Canadian Taxpayers Federation
If your goal is to give a real boost to the economy, which of these options would you choose: increase taxes, run up a deficit, transfer money between governments or put your economic eggs in a month-long basket?
Probably none of the above.
Yet, this is how Calgary 2026 hopes to kick start the economy sometime in the next eight years. They have estimated the Olympics will spur $7 billion in economic fortune. Fortunately, economists have been quick to decry these estimates as being overstated.
Here are four reasons why hosting the Olympics is a bad way to grow the economy.
First, taxes will increase. Taxpayers are expected to foot a $3-billion tab. With history suggesting these costs will continue to rise, Calgarians better brace for the next wave of tax hikes to foot a growing bill.
Many families and businesses have already seen ever-growing costs from higher property taxes, income taxes, business taxes and a new carbon tax. Abruzzo Ristorante, Studio Revolution Fitness and the Riley & McCormick western wear store cited greater tax burdens as a contributing factor behind decisions to close their doors. Things have become so bad on the property tax front that Calgary city council has rebated tens of millions of dollars over the last two years to help businesses stay afloat.
A heavier tax burden is the last thing Calgarians need.
Second, there is no money for this. Calgarians have been warned by city council that they already face tax hikes or service cuts. After years of running large deficits, the average Calgarian owes nearly $30,000 in provincial and federal debt.
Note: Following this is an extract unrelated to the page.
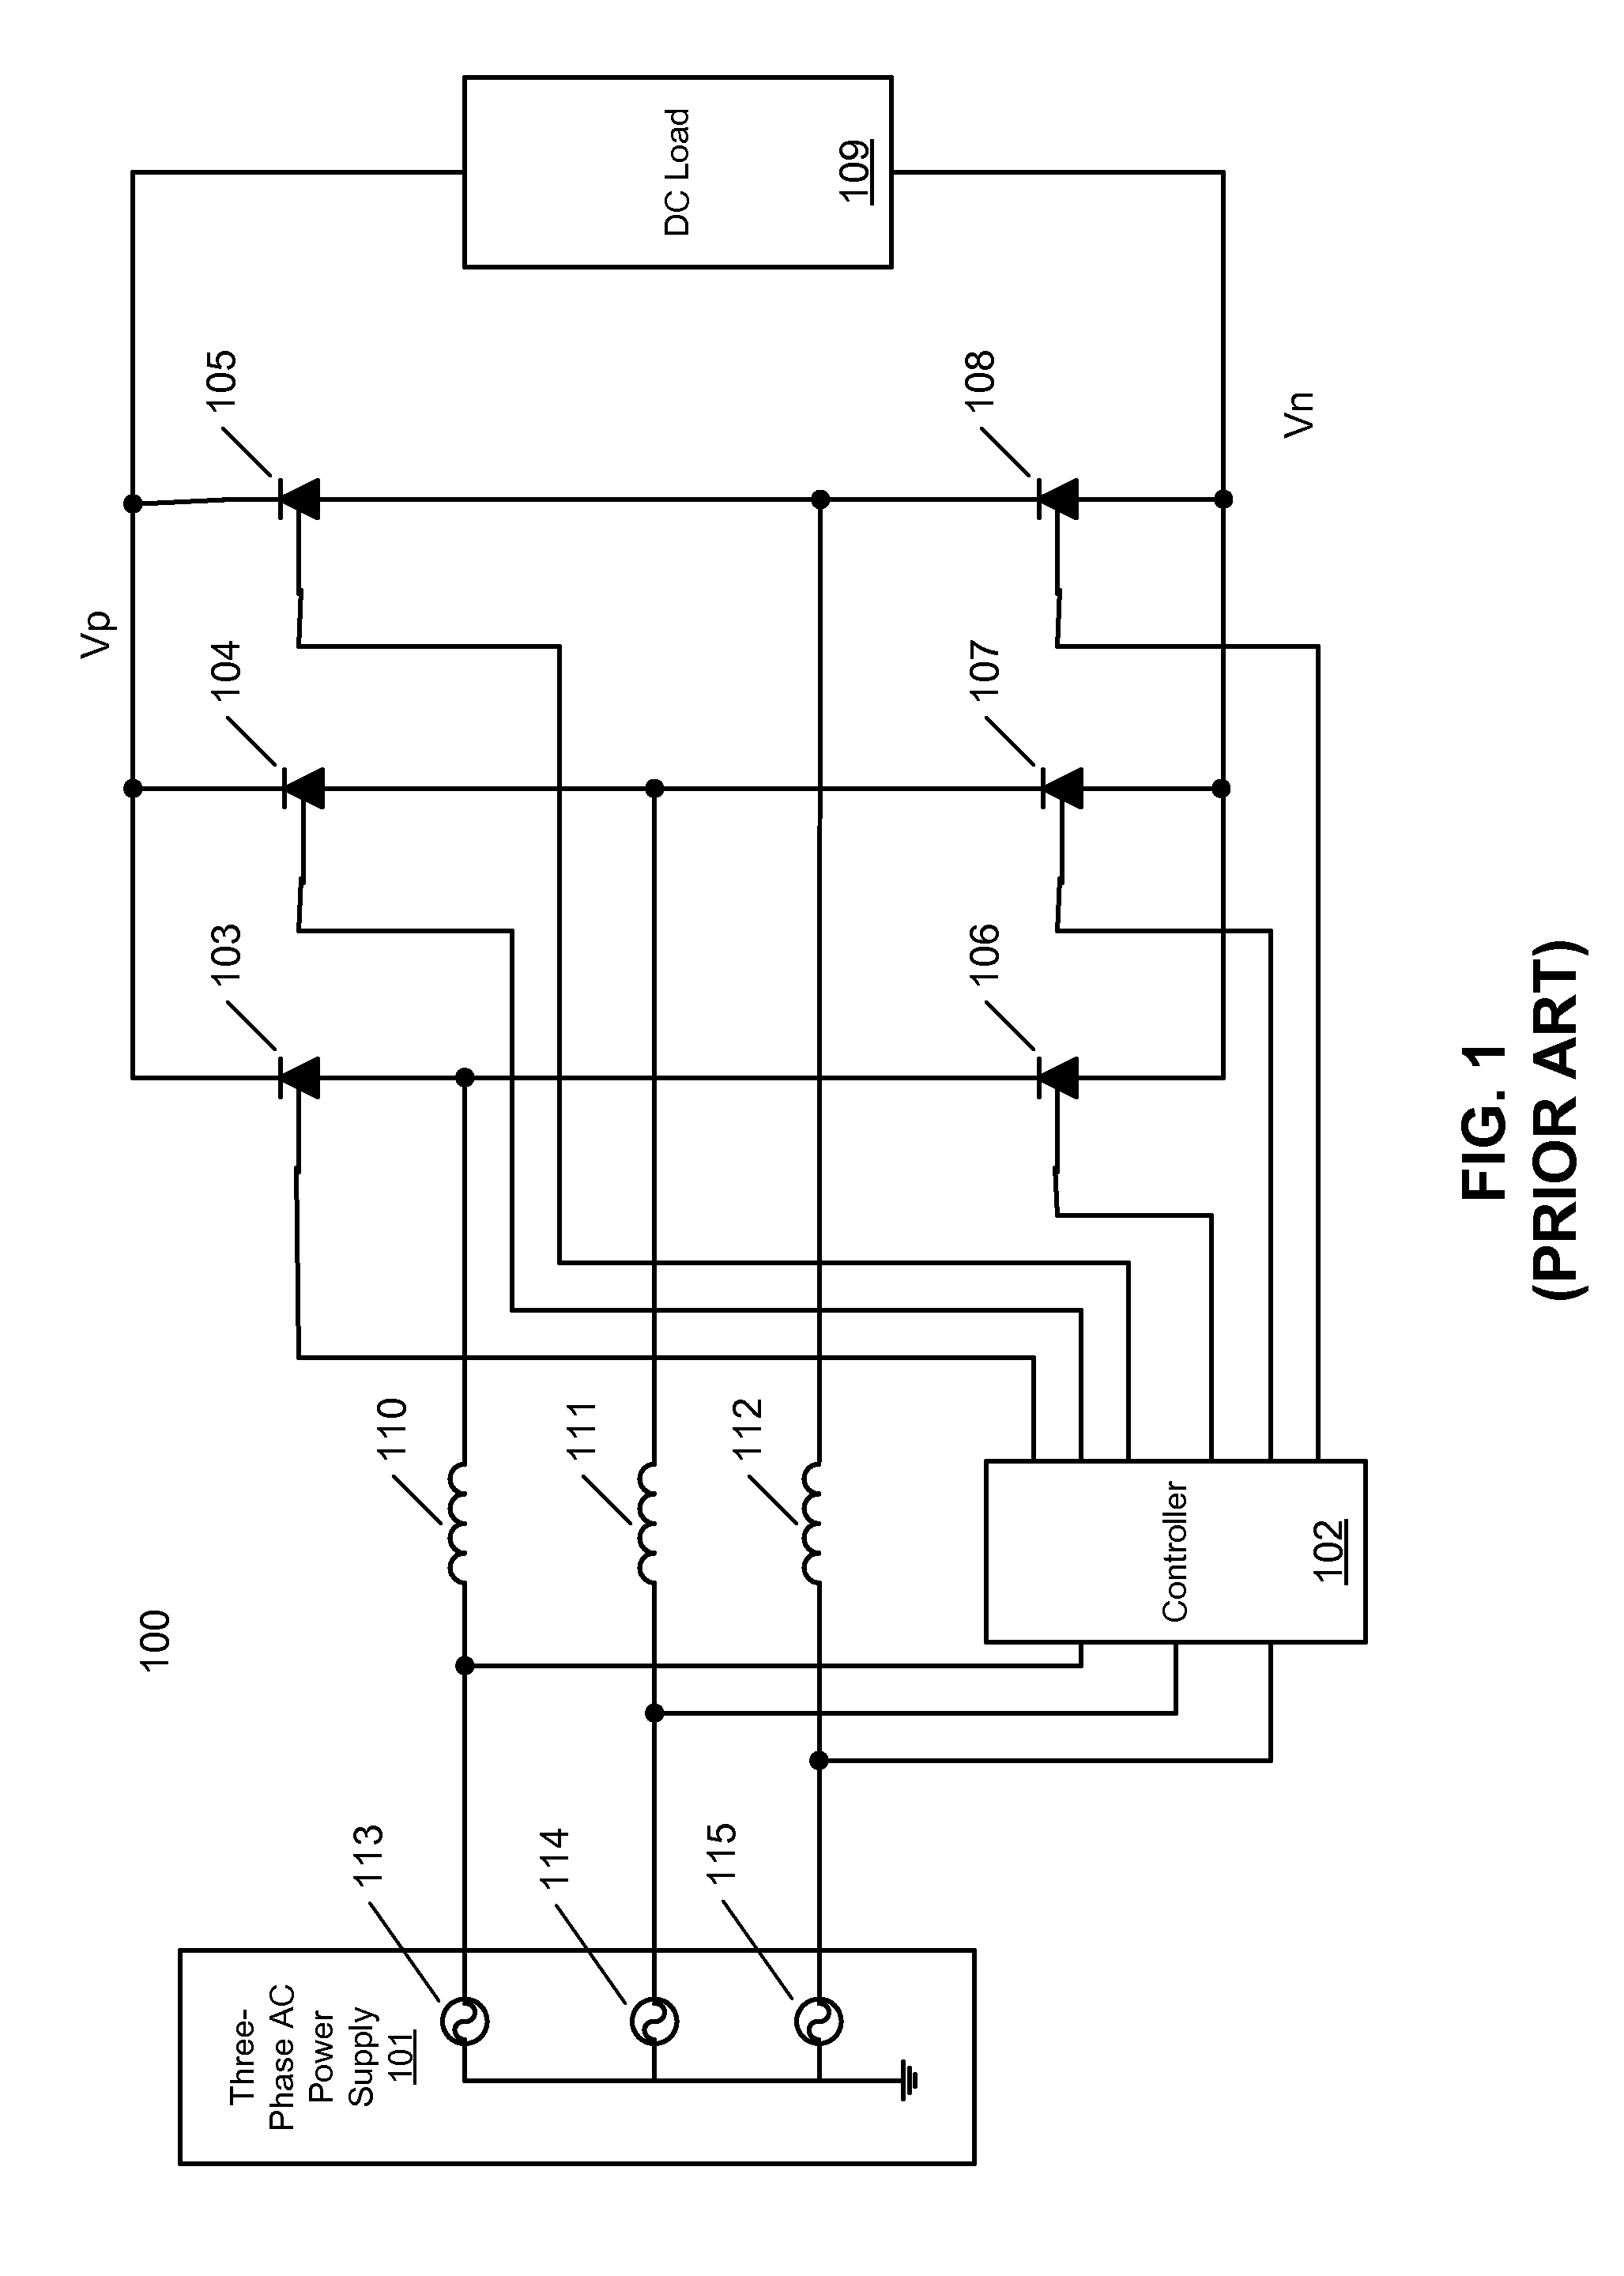 Power conversion circuits

Government debt will need to be paid eventually and uncertainty over future tax hikes will do little to encourage businesses and investors to make Calgary their new home.
It’s not financially smart for a family to go further into debt to throw a party, especially when there are other priorities they can’t afford. Why then, is this a smart financial move for governments?
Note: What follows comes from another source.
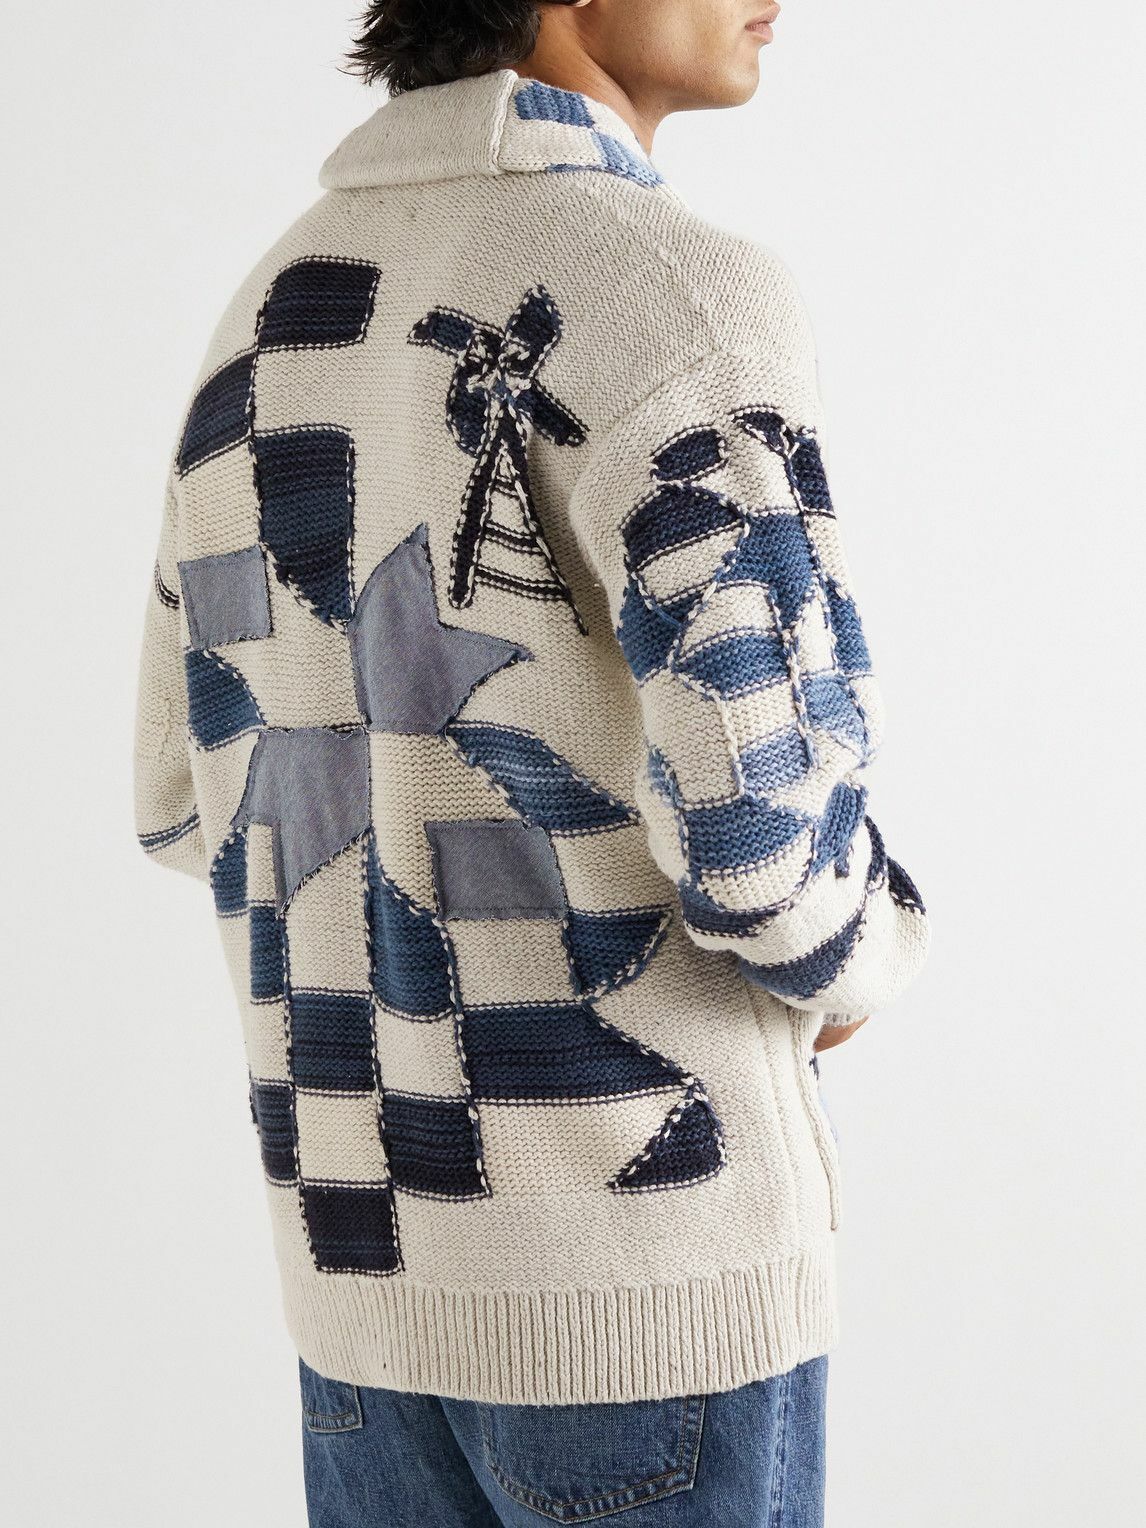 Polo Ralph Lauren - Jacquard-Knit Recycled Cotton-Blend Cardigan - Blue

Third, relying on federal transfers is not a path to development.
Calgary 2026 hopes the federal government will dish out $1.5 billion. This may be the least Albertan economic strategy imaginable. Rather than focusing on internal policies that promote growth — reduce red tape, lower taxes — the Olympic bid is a plea for government transfers.
Sure, equalization is a mess and federal transfers are imbalanced, but the solution is to get them fixed, not to try and right systemic wrongs by hosting the Olympics every 40 years. Instead of relying on government transfers, why not push the federal government to take fewer dollars in the first place?
Finally, the real challenges impacting investment are being swept under the rug.
The plan suggests the Olympics will help attract investment by putting Calgary on the radar. Are we missing out on investments because the international community doesn’t know Calgary exists, or is it because investors know our problems all too well?
The Olympics won’t solve core investment issues such as tax competitiveness, the ever-growing cost to do business, the nightmarish regulatory system, the inability to get large projects built and uncertainty around future tax hikes. In fact, the games could make some matters worse.
It’s time to stop promoting the Olympics as a way to grow the economy.